About this exercise:
Only the pictures should be left out; write out all other data exactly.
Raw data Start Marker
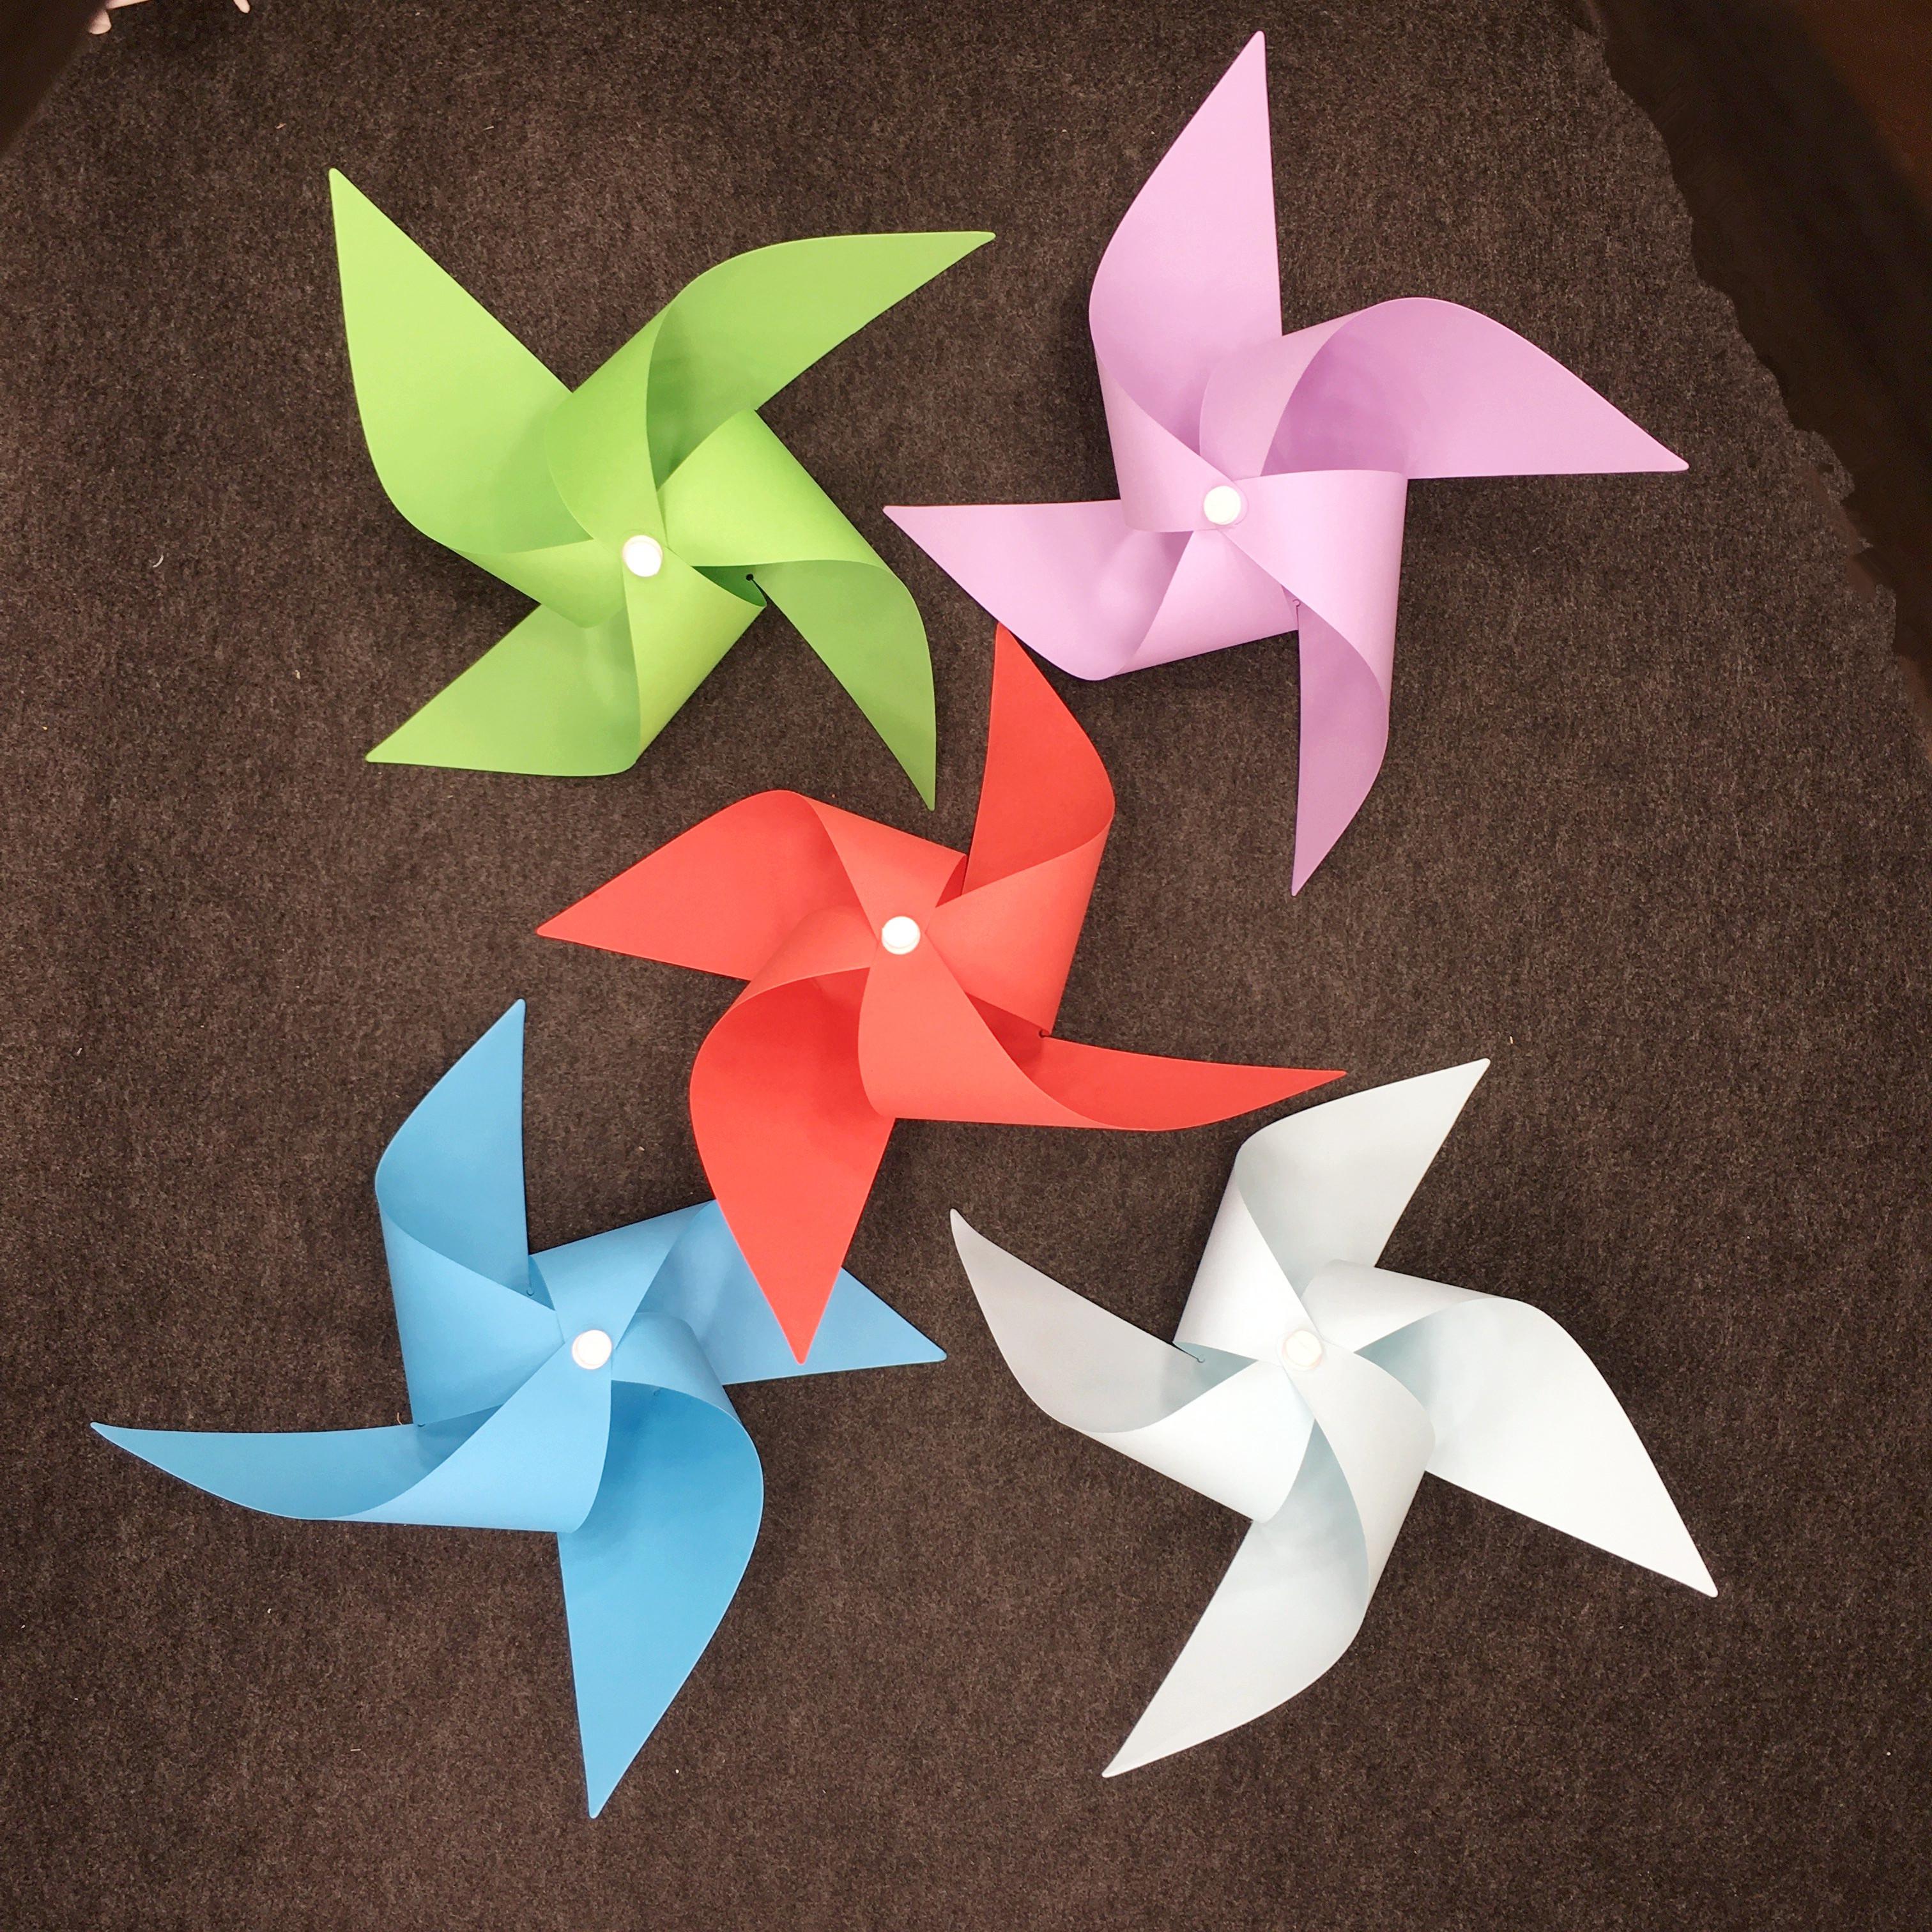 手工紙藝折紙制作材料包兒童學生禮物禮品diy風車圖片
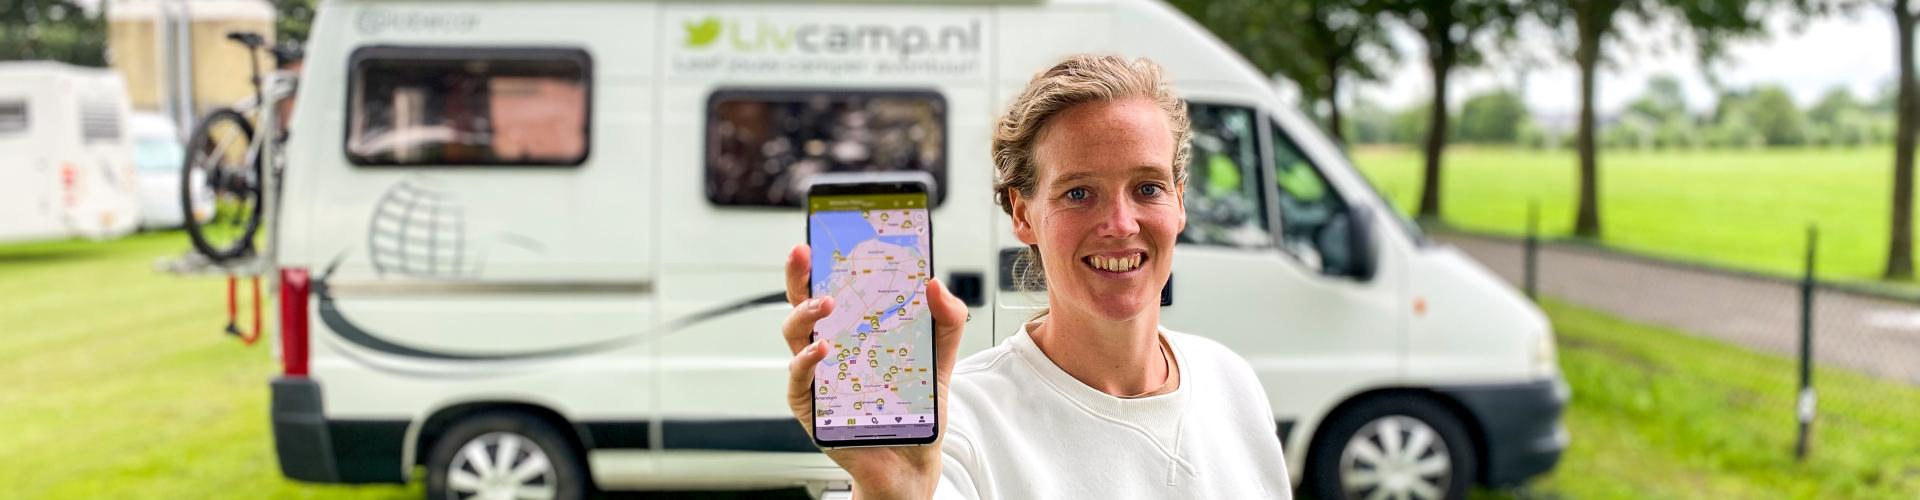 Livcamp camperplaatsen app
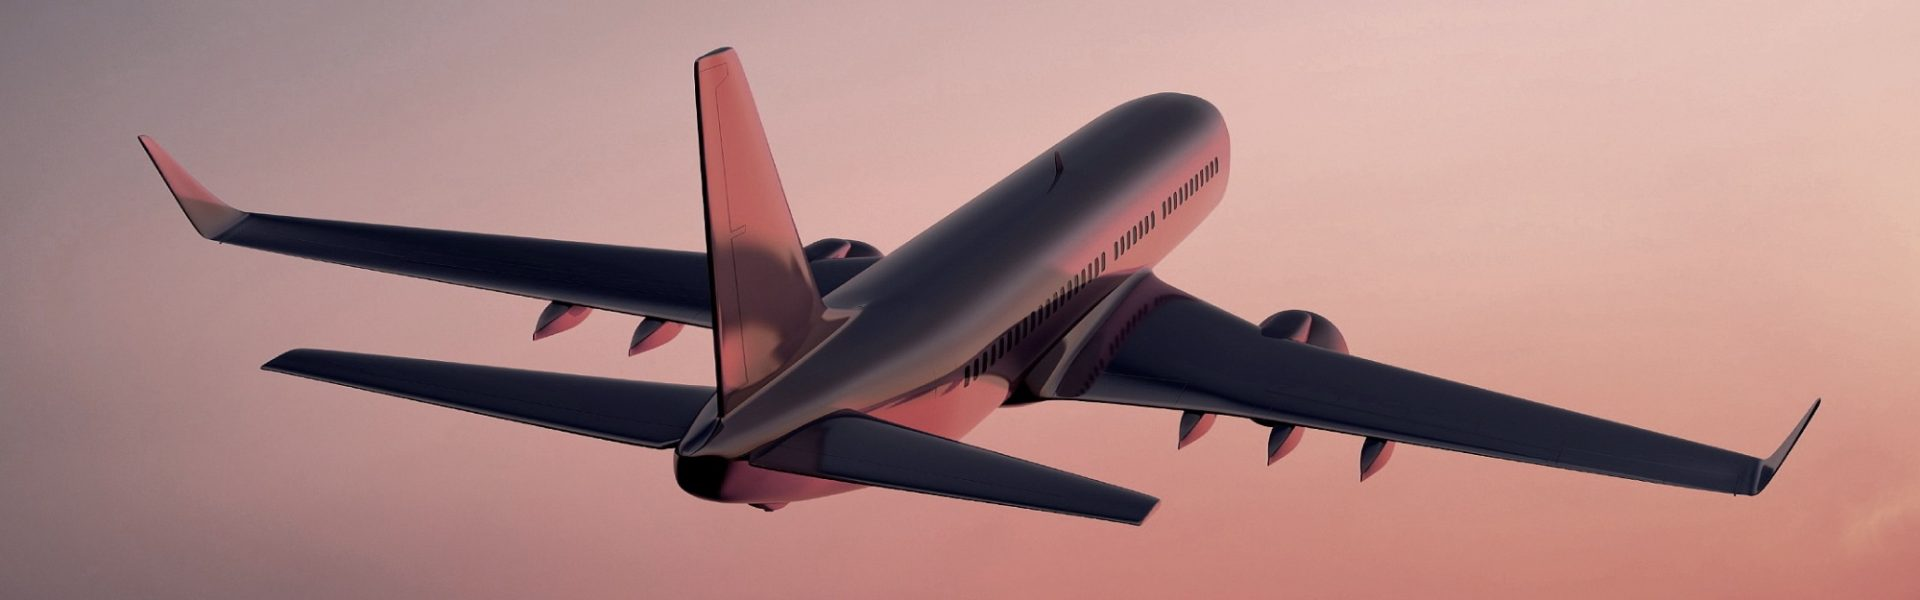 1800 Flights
Raw data End Marker
Result for this exercise:
 手工紙藝折紙制作材料包兒童學生禮物禮品diy風車圖片
 Livcamp camperplaatsen app
 1800 Flights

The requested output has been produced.